(RECORDED INFORMATION begins)

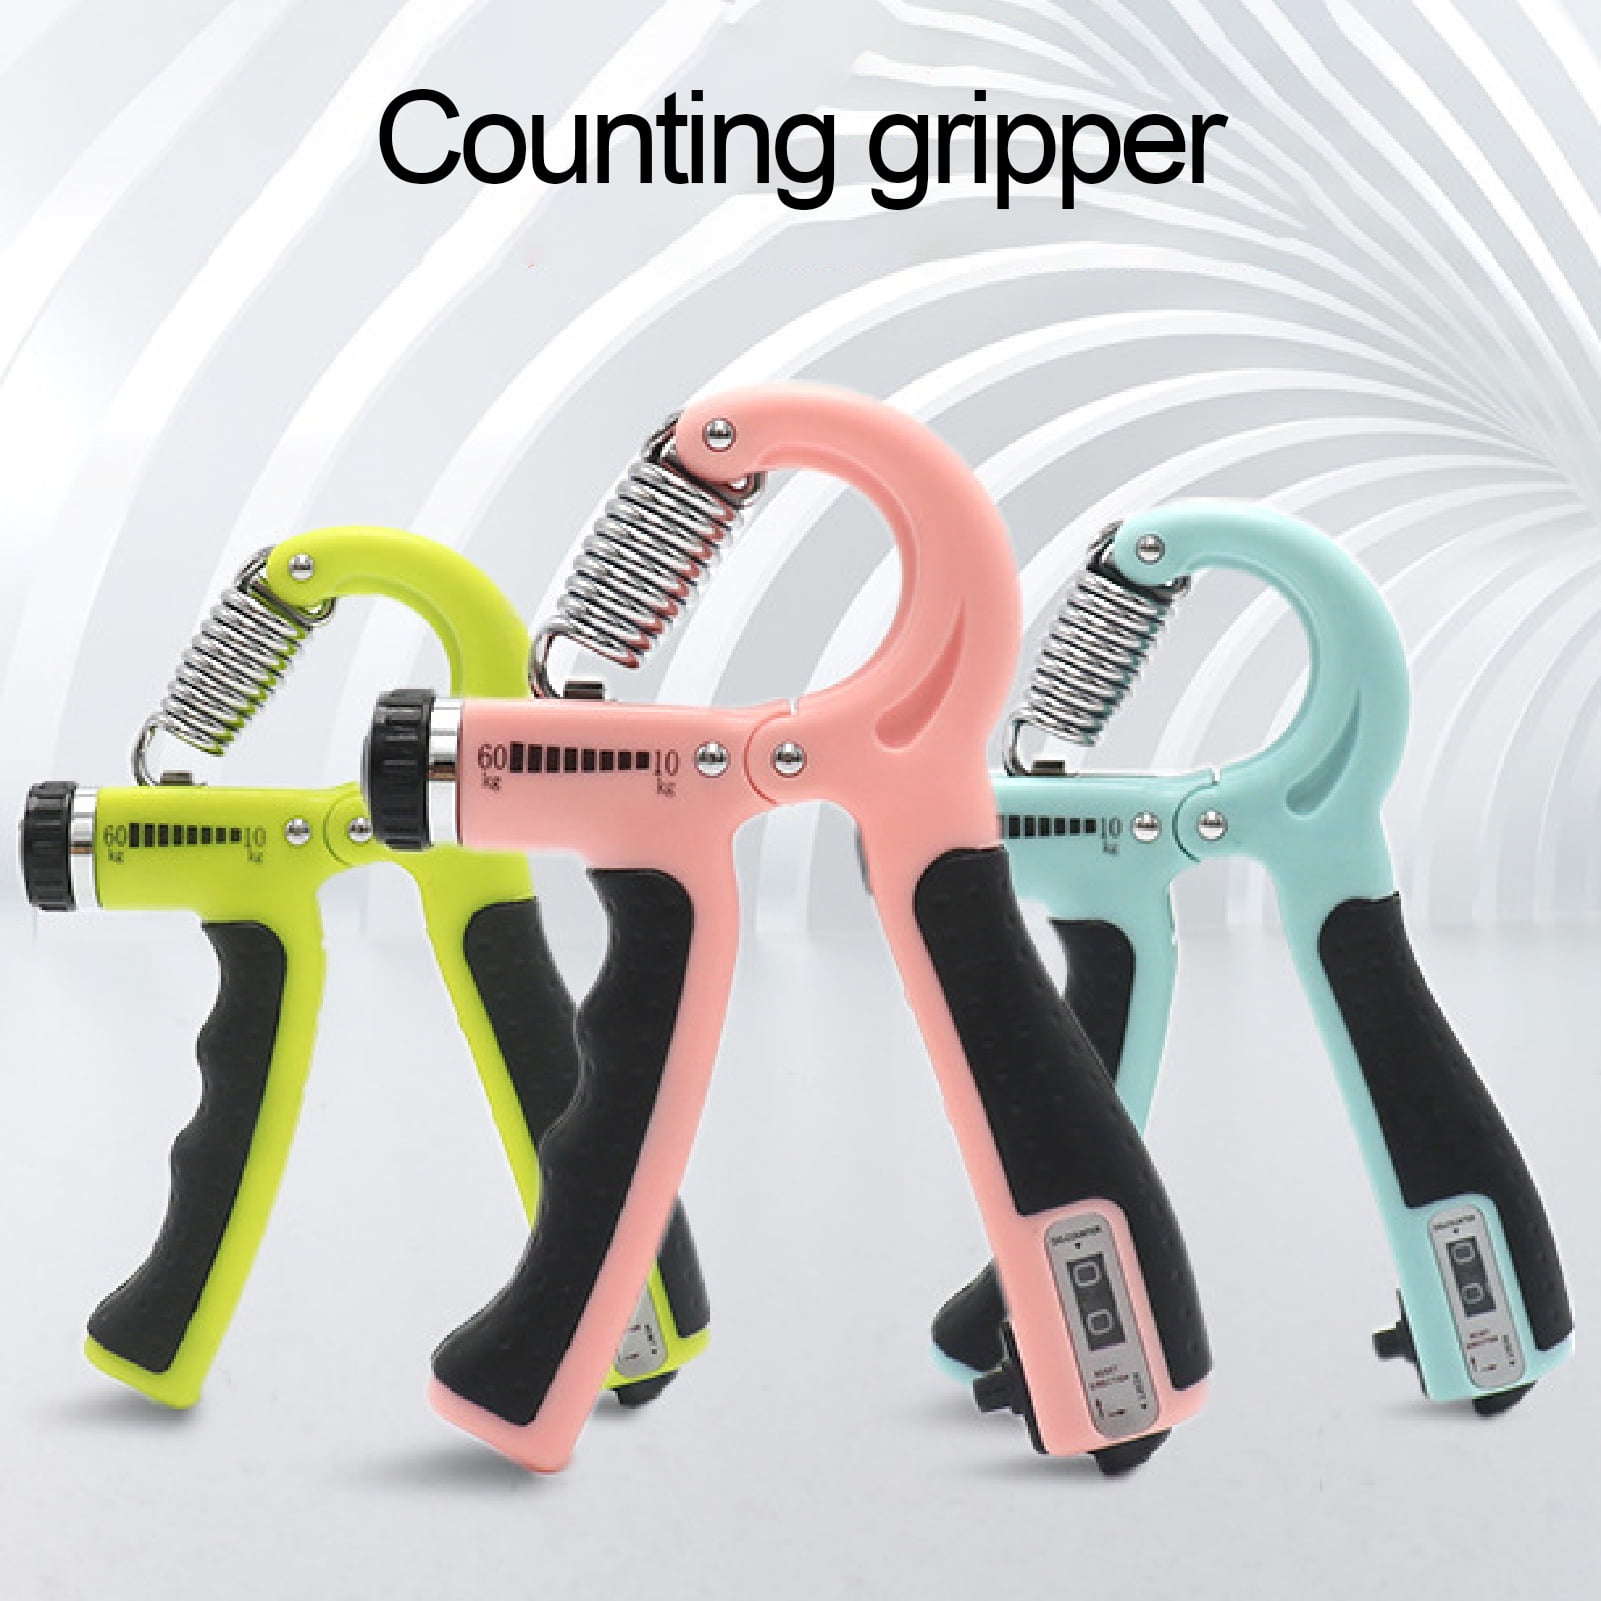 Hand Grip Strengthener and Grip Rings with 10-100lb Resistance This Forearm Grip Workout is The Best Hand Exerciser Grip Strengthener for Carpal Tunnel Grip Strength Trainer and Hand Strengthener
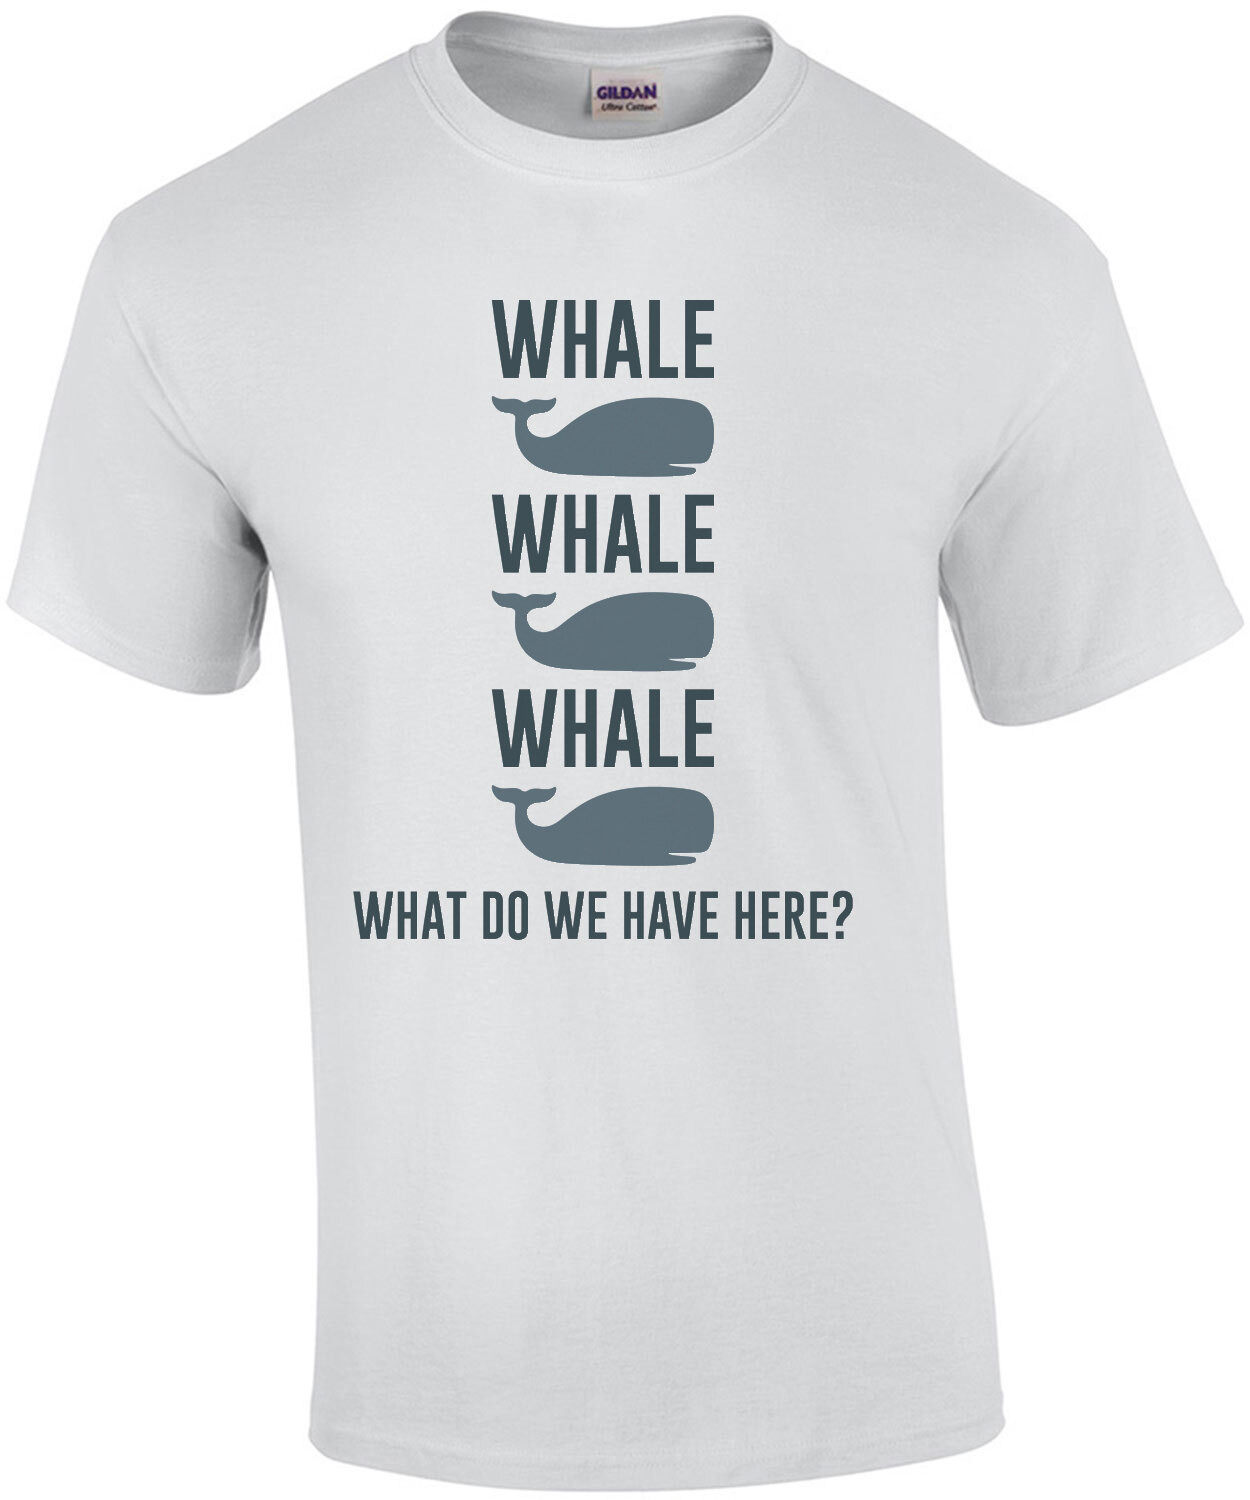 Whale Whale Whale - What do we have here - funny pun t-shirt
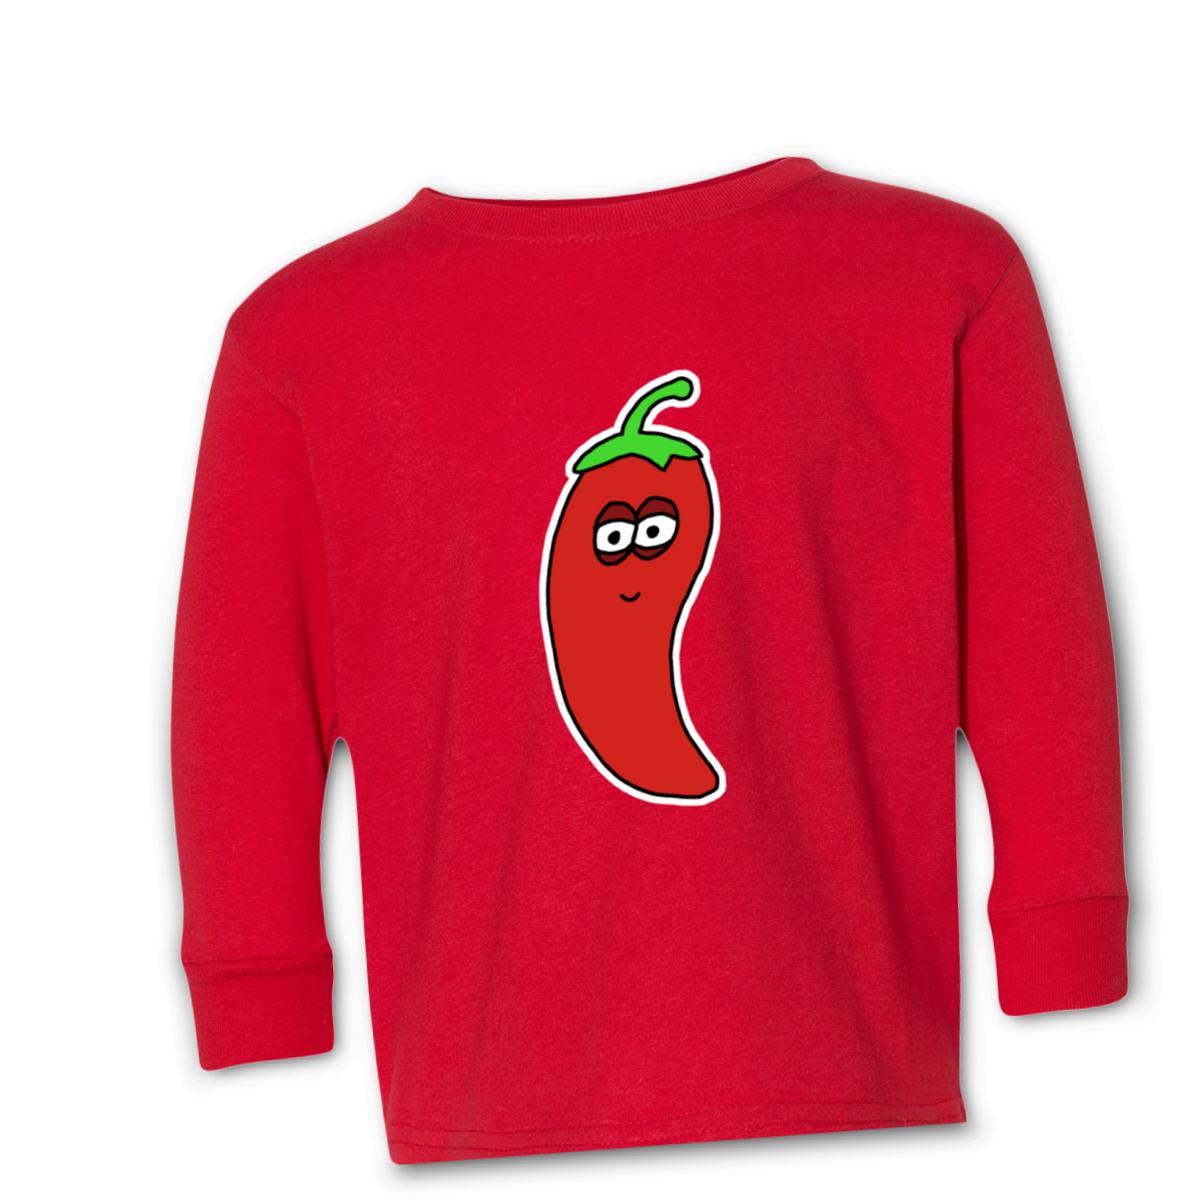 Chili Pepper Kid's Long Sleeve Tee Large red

(RECORDED INFORMATION ends)

| TASK DIRECTIONS |
Starting at the line that contains "Whale Whale Whale", please write out each line through the last line of the data, both ends included, and keep pictures out of the copy.

| WRITTEN REPLY |
 Whale Whale Whale - What do we have here - funny pun t-shirt
 Chili Pepper Kid's Long Sleeve Tee Large red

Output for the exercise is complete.